▶ [EXERCISE DESCRIPTION]:
Return the records below in full. Keep every word exact and skip the images.

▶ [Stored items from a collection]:
────

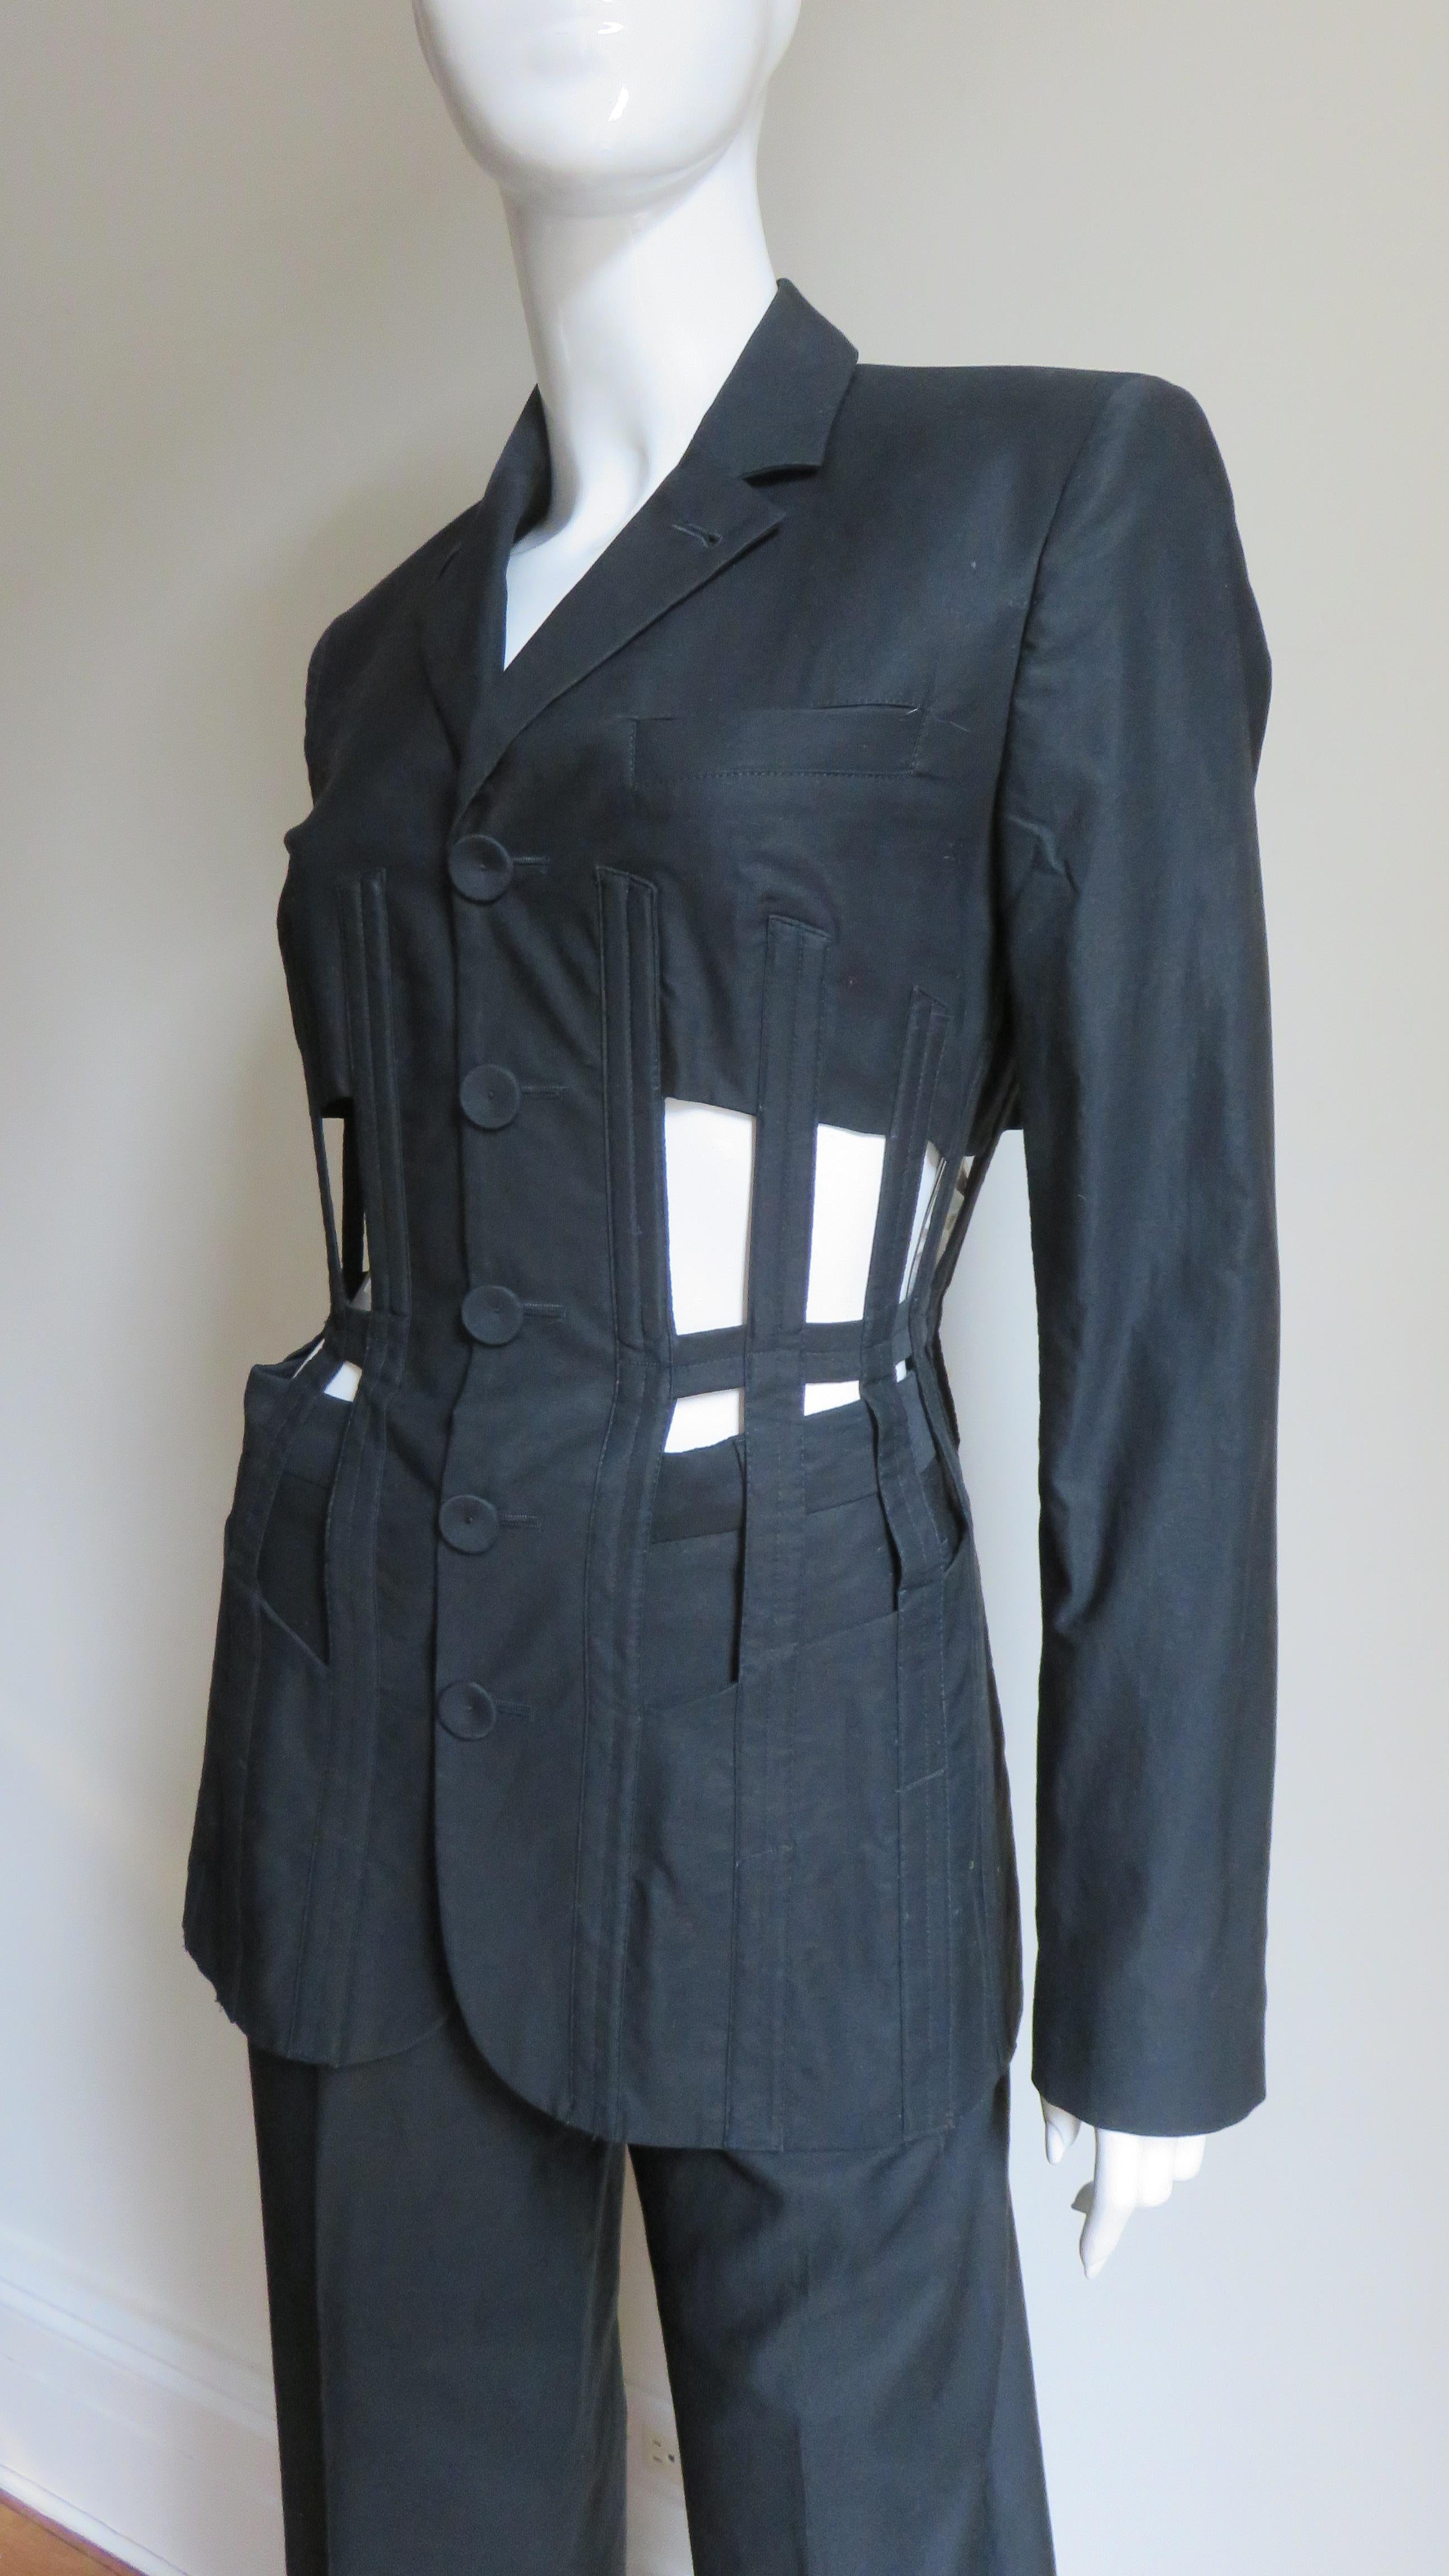 Black Jean Paul Gaultier Iconic Cage Corset lace up Jacket Pant Suit S/S 1989 For Sale
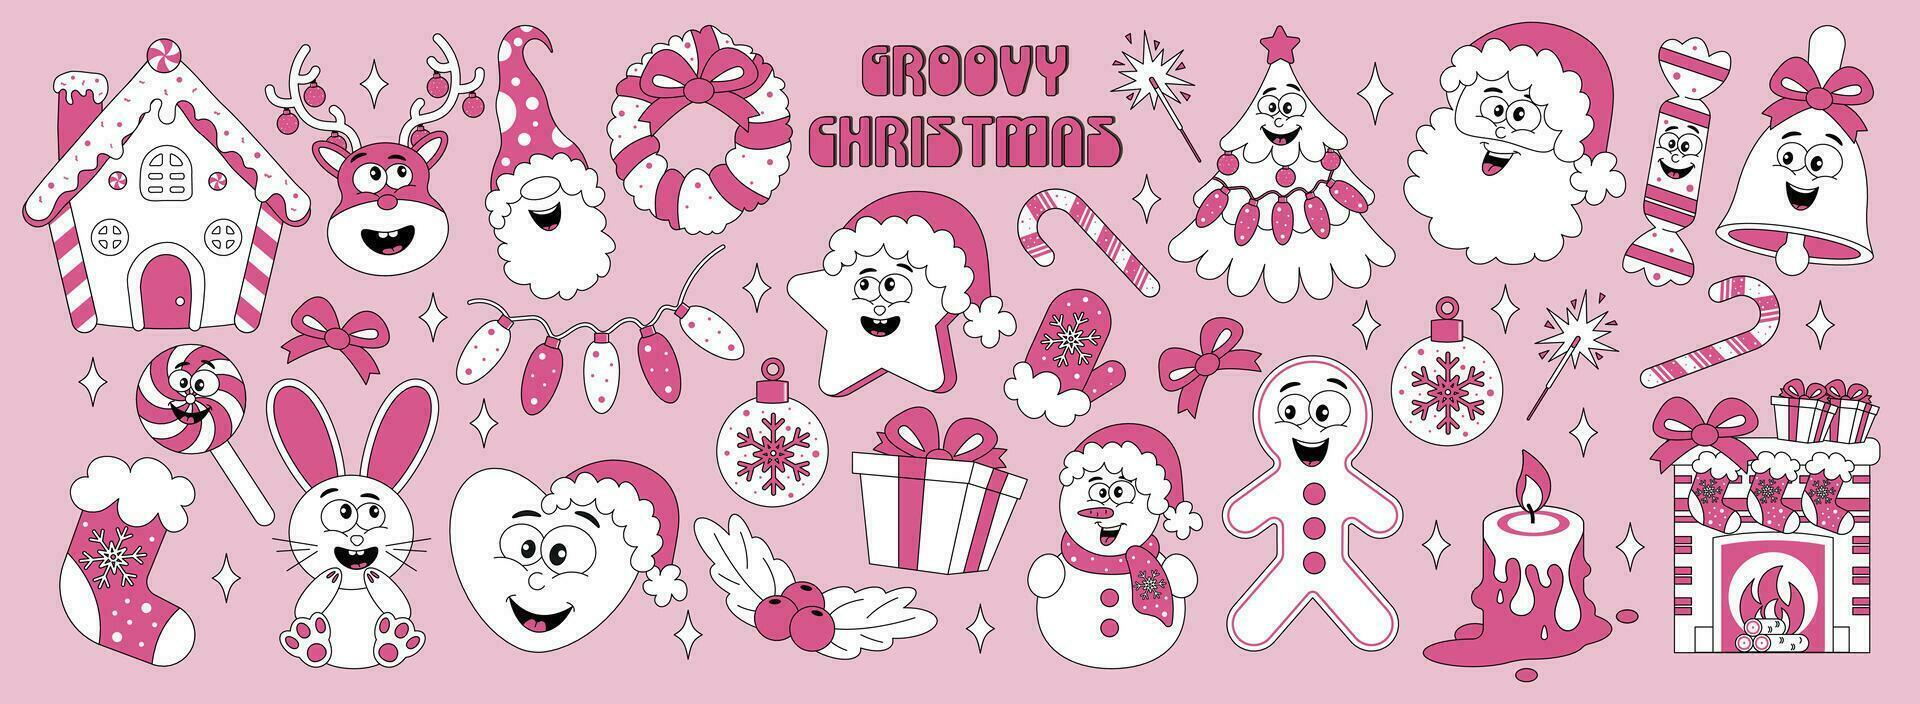 uppsättning av klistermärken med retro tecknad serie tecken ny år, jul. vektor illustration i rosa färger i 80-tal, 90s stil.
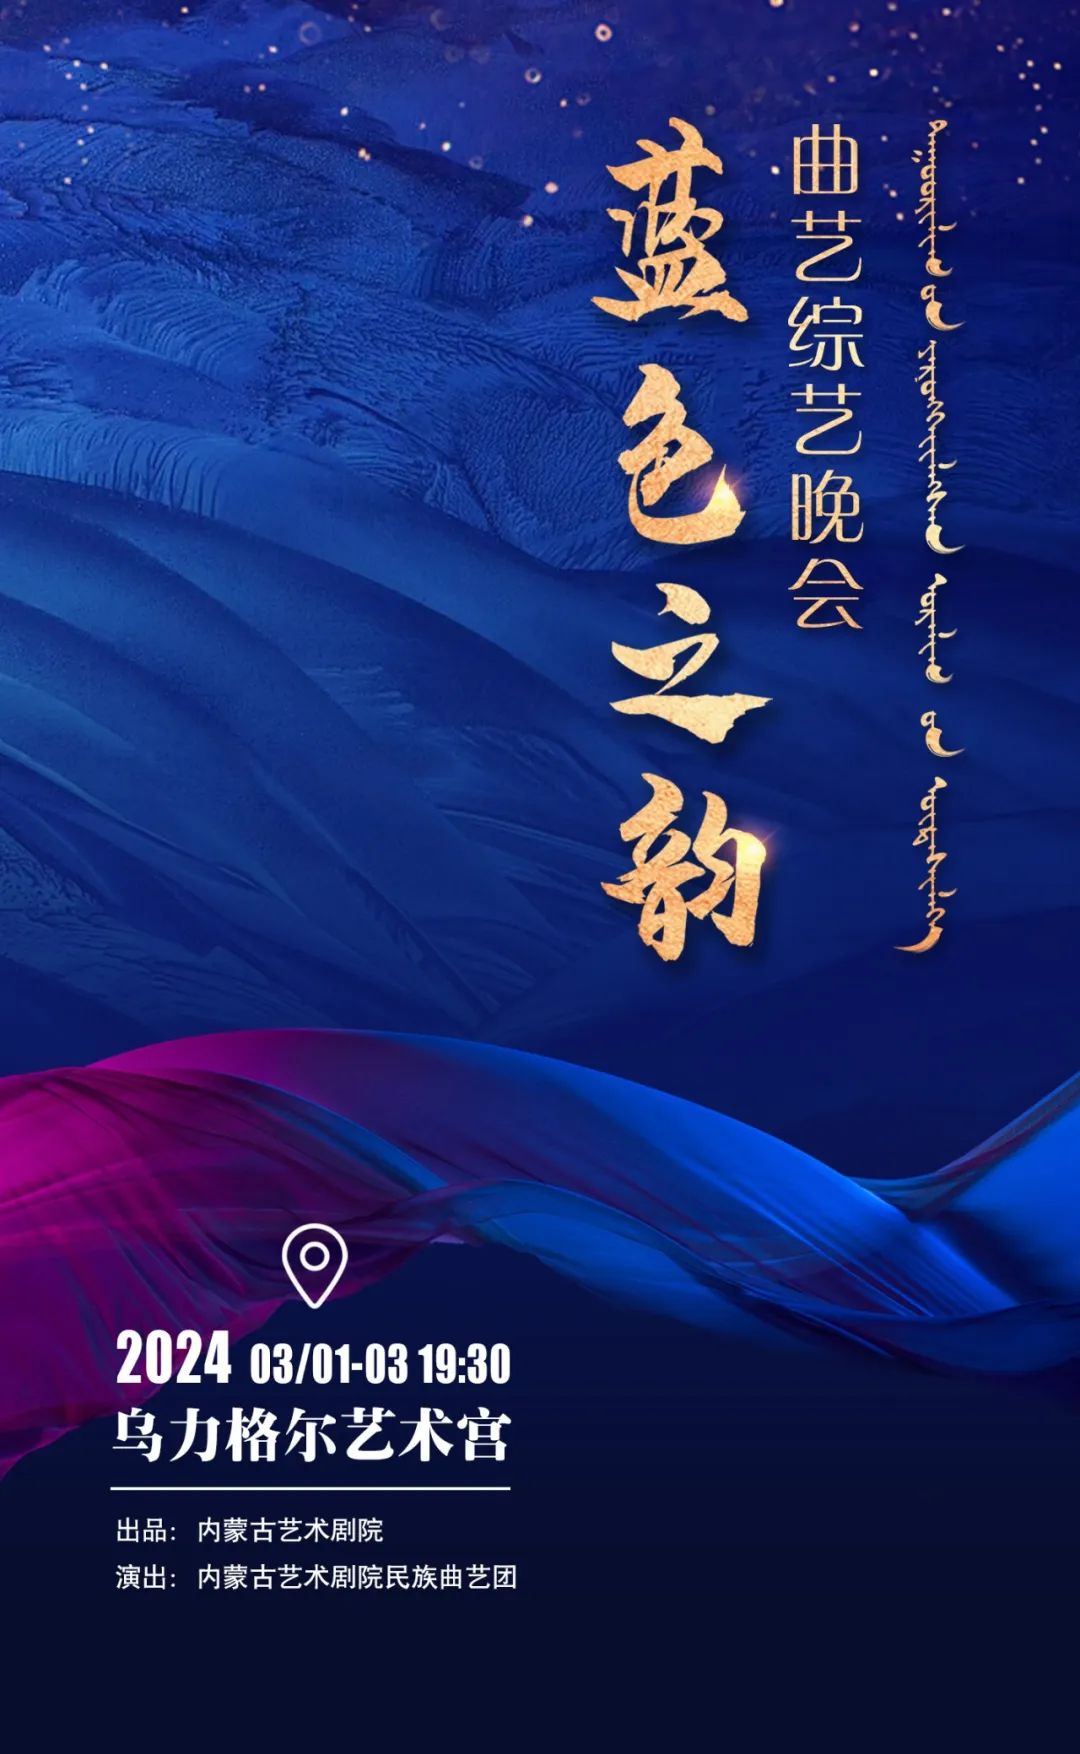 标题：【开票】民族曲艺综艺晚会《蓝色之韵》，将内蒙古民风民俗氛围感拉满！
点击数：187
发表时间：2024-03-01

────

▶ [TASK RESPONSE]:
 Black Jean Paul Gaultier Iconic Cage Corset lace up Jacket Pant Suit S/S 1989 For Sale
 uppsättning av klistermärken med retro tecknad serie tecken ny år, jul. vektor illustration i rosa färger i 80-tal, 90s stil.
 标题：【开票】民族曲艺综艺晚会《蓝色之韵》，将内蒙古民风民俗氛围感拉满！
点击数：187
发表时间：2024-03-01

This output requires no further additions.